▶ [INPUT]
---*---

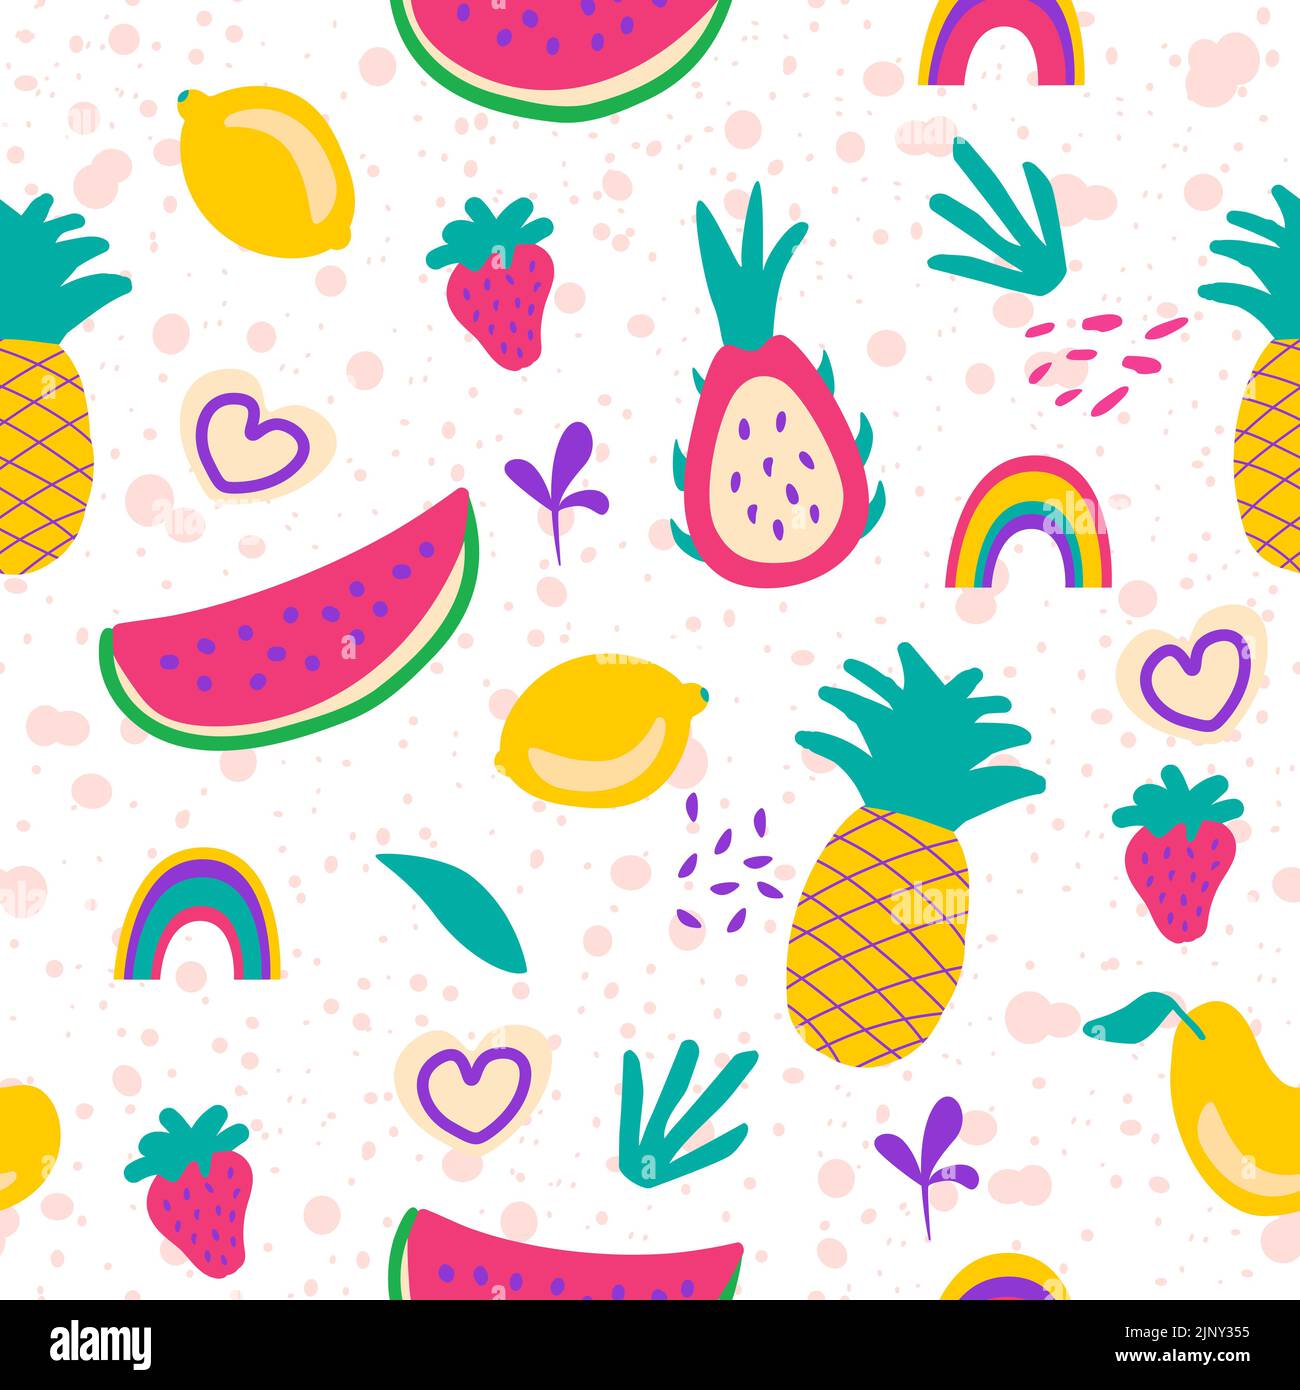 Nahtloses Muster mit Früchten und Pflanzen auf kreativem Hintergrund - Vektorgrafik. Zitrone, Wassermelone, Ananas, Erdbeere, Mango, drachenfrucht, pi Stock Vektor
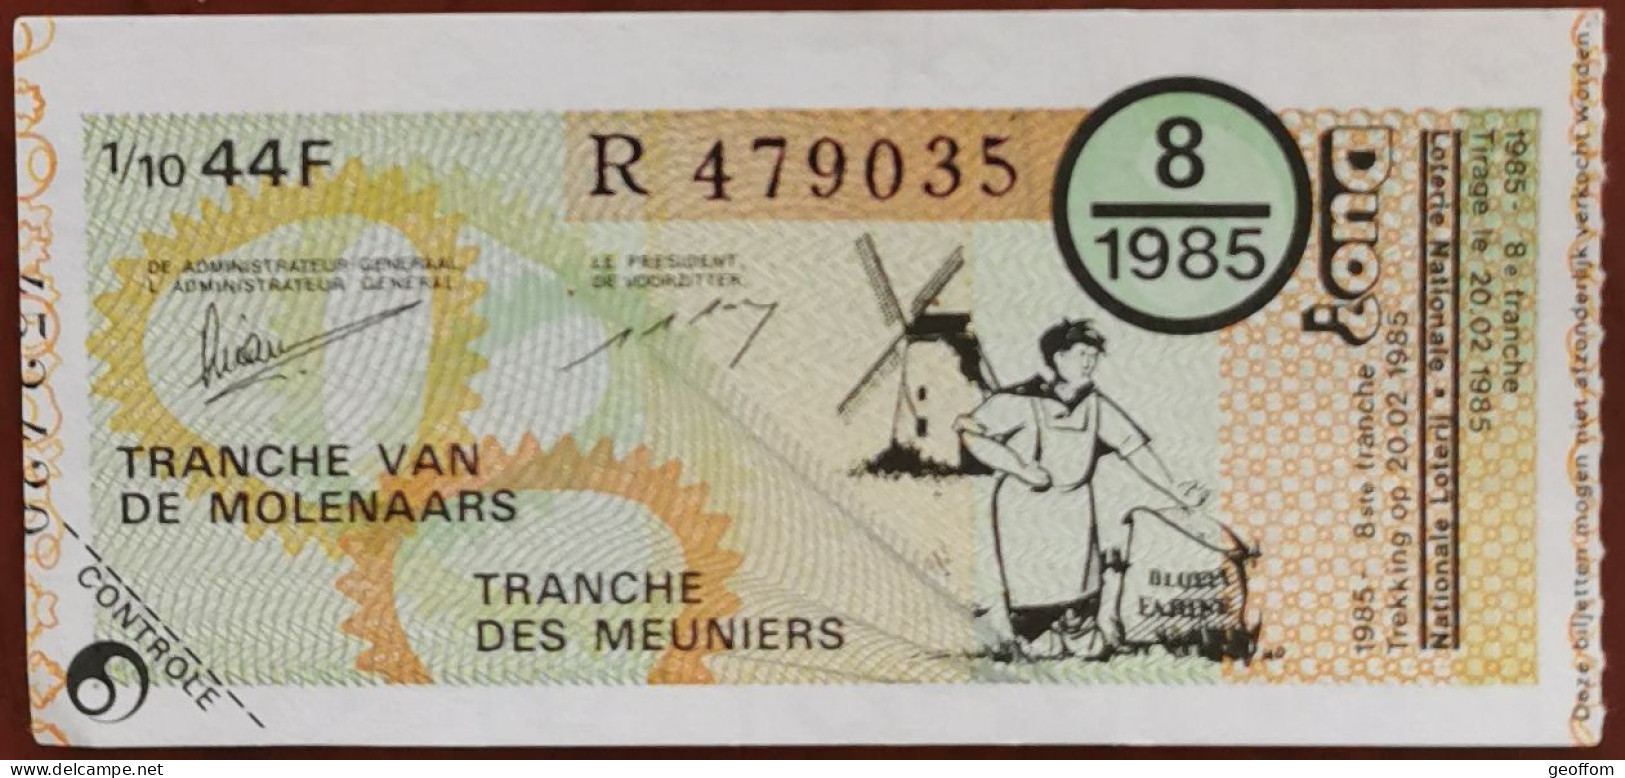 Billet De Loterie Nationale Belgique 1985 8e Tranche Des Meuniers - 20-2-1985 - Billetes De Lotería
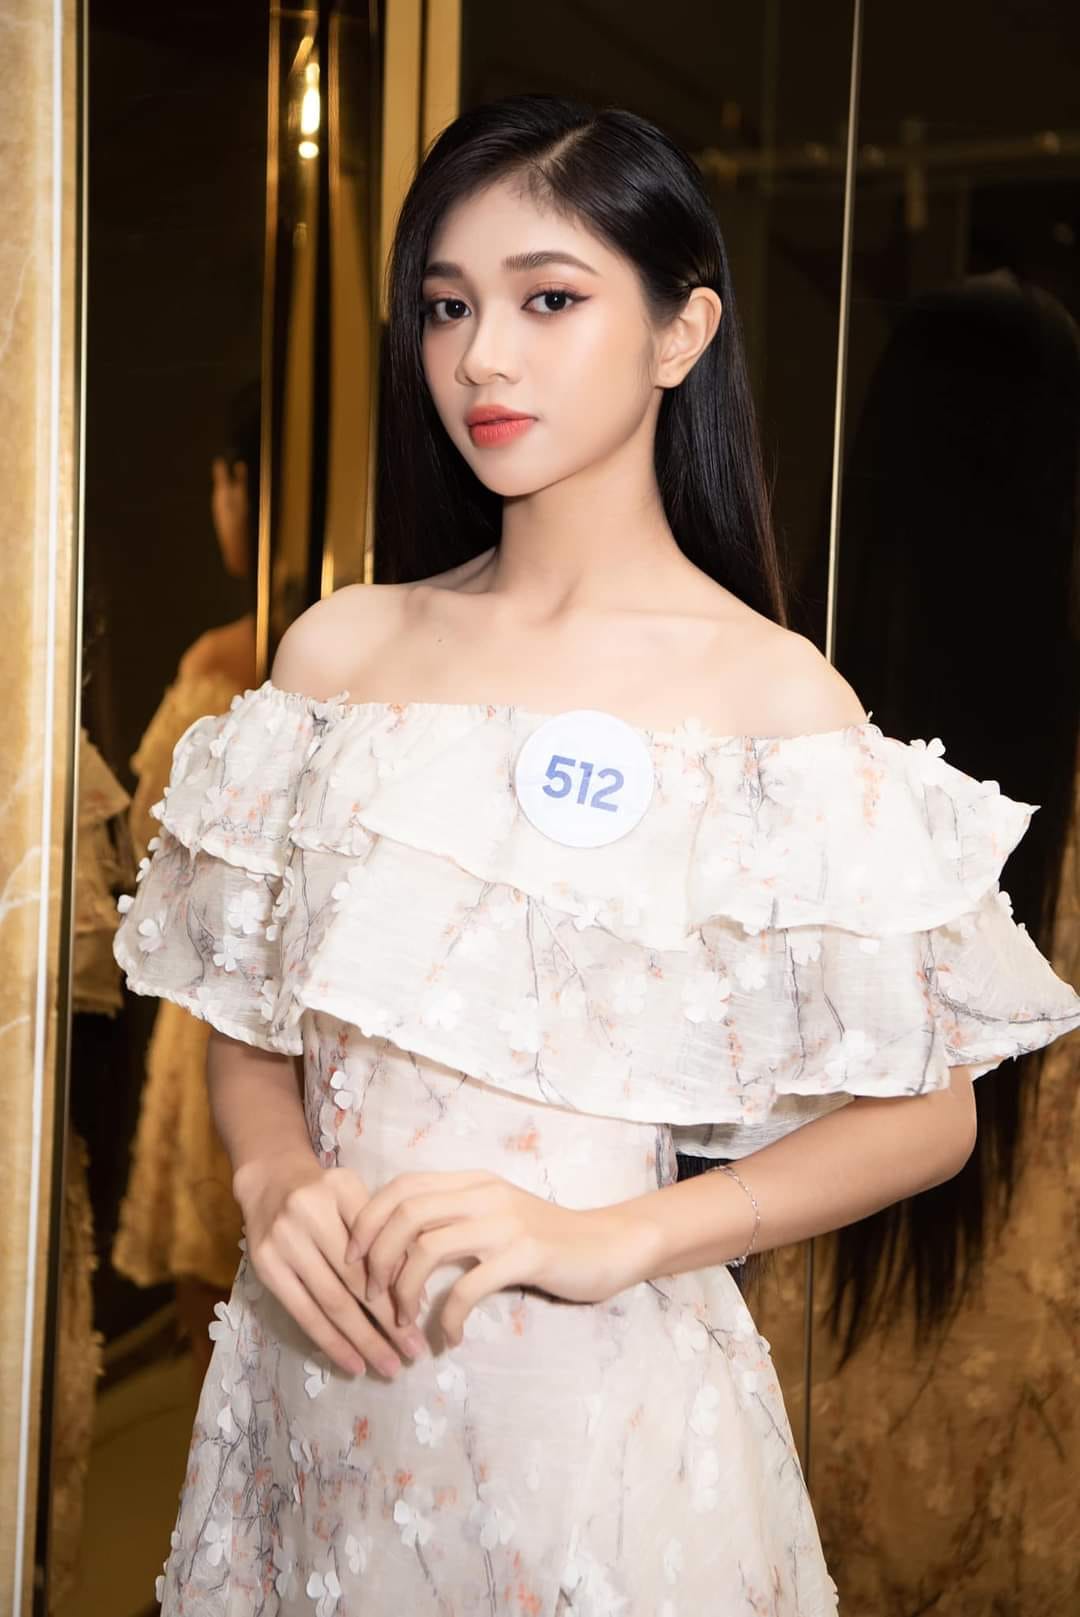 Tuổi thơ bất hạnh, nhiều biến cố của người đẹp Huỳnh Minh Kiên - Á hậu 2 Miss World Vietnam 2023 - ảnh 4
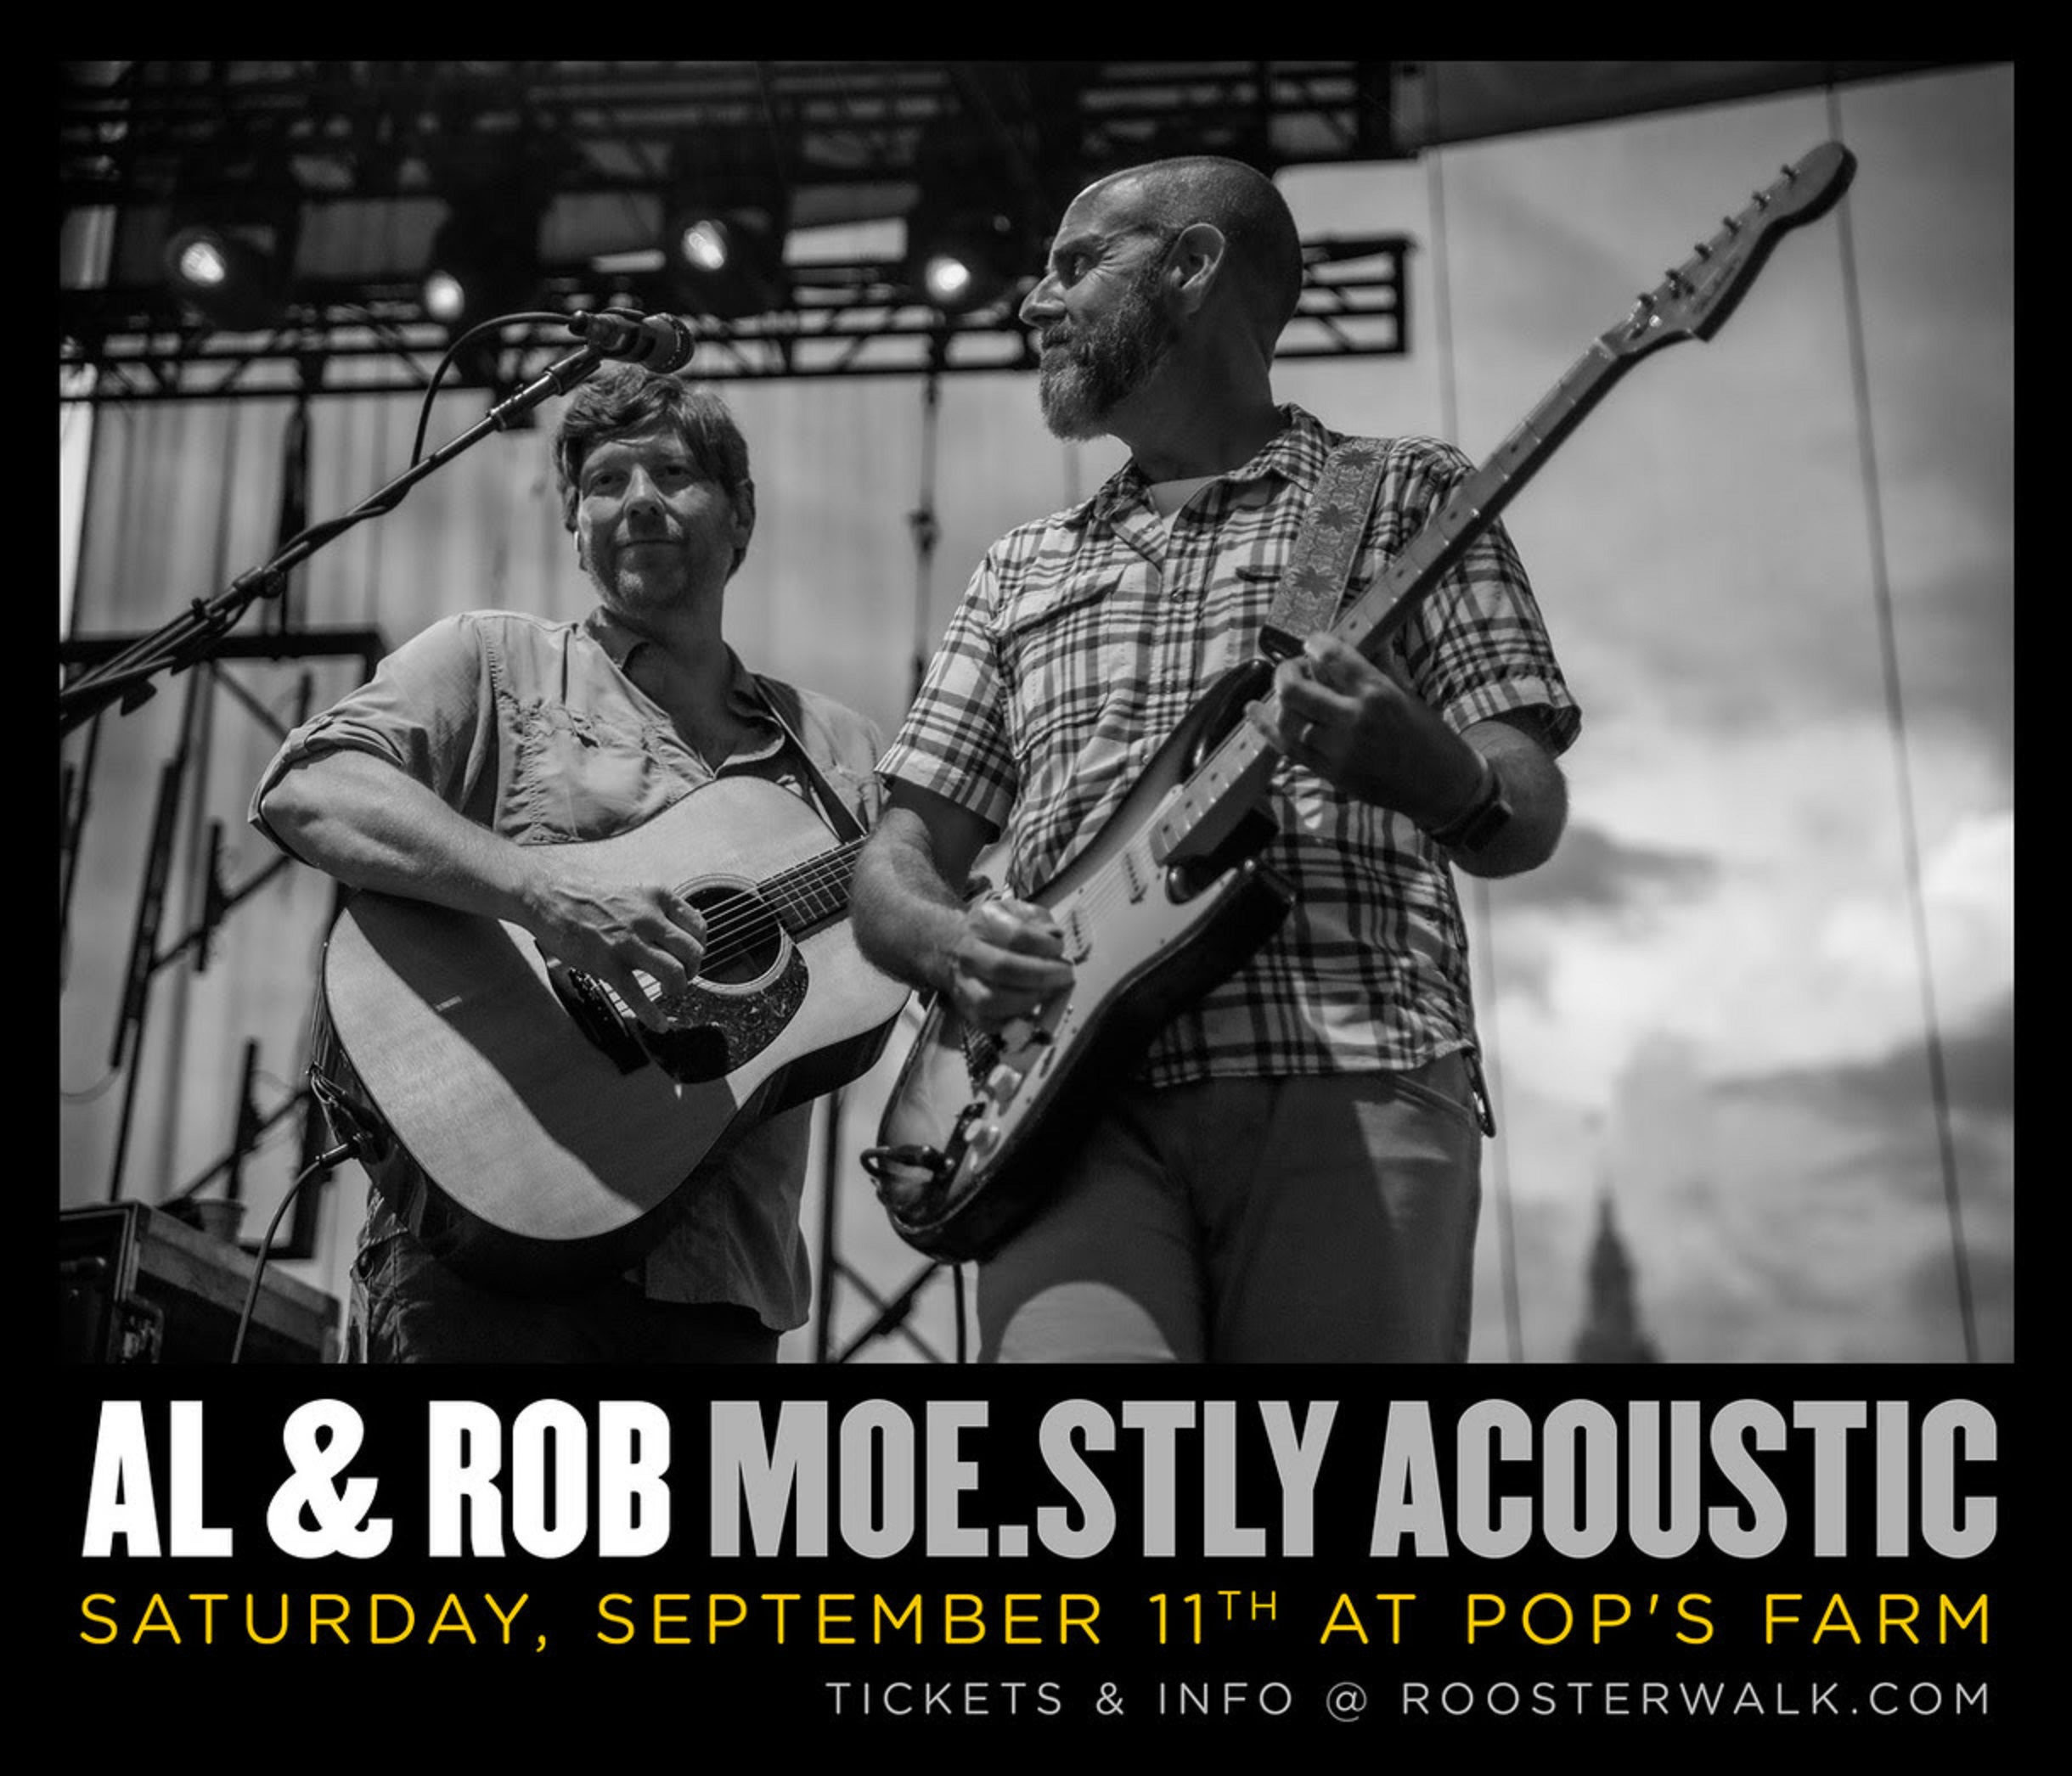 Al & Rob of moe. this Saturday at Pop's Farm!
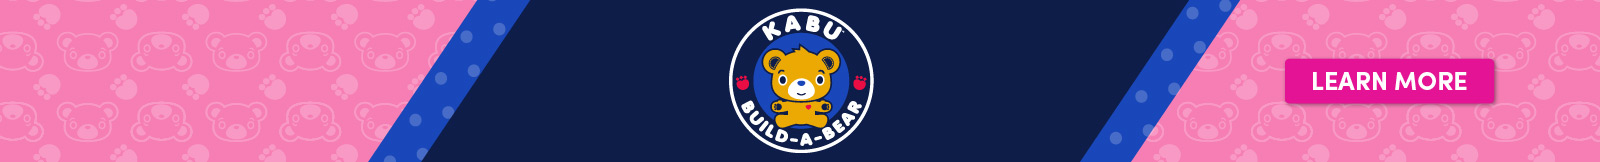 Kabu Plush Banner

---*---

▶ [EXERCISE] Every word of the data should be reproduced exactly; please omit any pictures.

▶ [EXERCISE RESPONSE]
 Nahtloses Muster mit Früchten und Pflanzen auf kreativem Hintergrund - Vektorgrafik. Zitrone, Wassermelone, Ananas, Erdbeere, Mango, drachenfrucht, pi Stock Vektor
 Billet De Loterie Nationale Belgique 1985 8e Tranche Des Meuniers - 20-2-1985 - Billetes De Lotería
 Tuổi thơ bất hạnh, nhiều biến cố của người đẹp Huỳnh Minh Kiên - Á hậu 2 Miss World Vietnam 2023 - ảnh 4
 Al & Rob of moe. this Saturday at Pop's Farm!
 Kabu Plush Banner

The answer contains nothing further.